After Alexa had vowed insincerely that of course she understood and did not in the least mind his gruff manners, their ride actually became quite a pleasant experience in spite of the grey skies overhead. The mare tested her rider with a show of spirit and then settled down very well; and Mary pointed out different landmarks that might prove useful if Alexa ever needed to find her way home. She also pointed out one or two different paths that would make the journey between their houses even shorter, but added doubtfully that she did not think Alexa should attempt to try them yet because they tended to become slippery in wet weather and because falling tree branches could also prove quite a hazard.

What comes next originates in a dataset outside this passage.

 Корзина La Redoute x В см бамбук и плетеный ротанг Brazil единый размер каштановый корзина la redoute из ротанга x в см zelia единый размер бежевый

“I am so very glad that Nicholas married someone like you,” Mrs. Eden said suddenly, and then flushed as she added hesitantly: “You don’t mind that I call him that, do you? Only Guy and I came to know him so well that it seemed quite ridiculous to be so formal after a while. But you see, he’s always seemed so alone! Or as if he must always keep himself off at a distance as an observer, instead of... But how forward you must think me to say all this to you about your husband when you must know him so much better.”

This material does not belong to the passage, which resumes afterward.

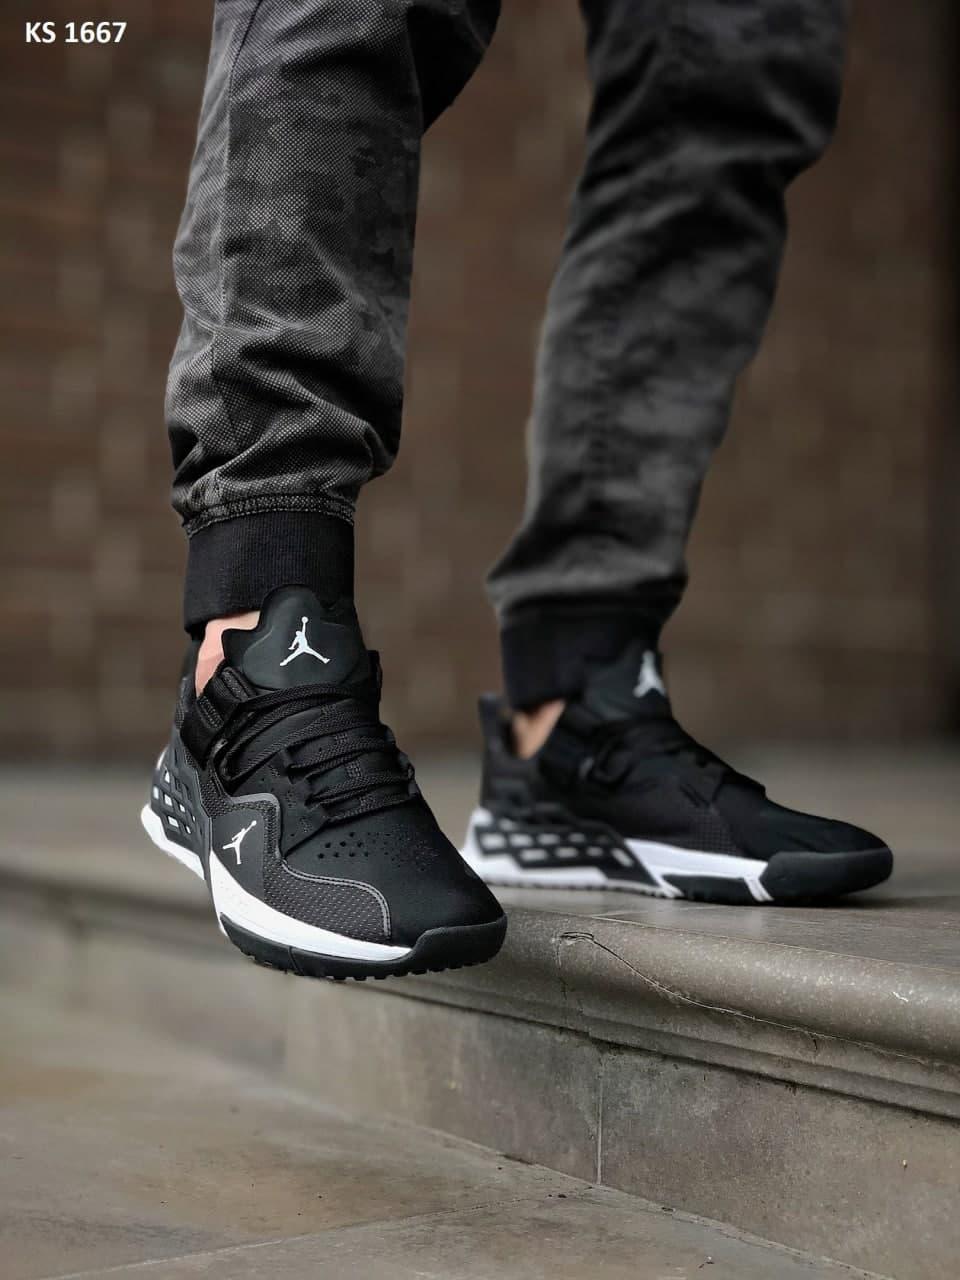 Чоловічі кросівки Nike Zoom Jordan Alpha 360 (Чорні з білим) KS 1667 легка спортивна взуття

“Alone?” Alexa found herself echoing, seizing on that one word for some reason.
“Well, yes. And I’m sure you know as well as I do that sometimes one is never more lonely than in the midst of a crowd of people, especially in an unfamiliar environment. Guy noticed it first, when they began talking about California and exchanging stories, and then it became obvious to me too. And then when Guy asked quite bluntly what the deuce he was doing here in such an artificial setting that didn’t suit him in the very least...” Mary shot an apologetic glance in Alexa’s direction as she murmured: “I’m afraid that my husband tends to be very blunt sometimes, but only if he really likes you, of course! Well, it was only then that Nicholas—your husband, that is—admitted he’d never meant to stay this long or to get ‘sucked in,’ I believe he said. And that is why I’m so glad that he met you in time, before he goes back. And—please forgive me for being so emotional—it’s a habit of mine I deplore but cannot seem to eradicate. But I’m just so happy that he’s found a woman who’s willing to give up all the glitter and the silk-cushioned comforts of London and Europe to go with the man she loves to his real home.” Mary’s eyes were shining with real tears that she brushed away with the back of her hand before she leaned forward to give Alexa’s cold cheek a spontaneous kiss, adding soon afterwards, “But I do hope we can spend some time together before you two have to leave. Do you promise you will?”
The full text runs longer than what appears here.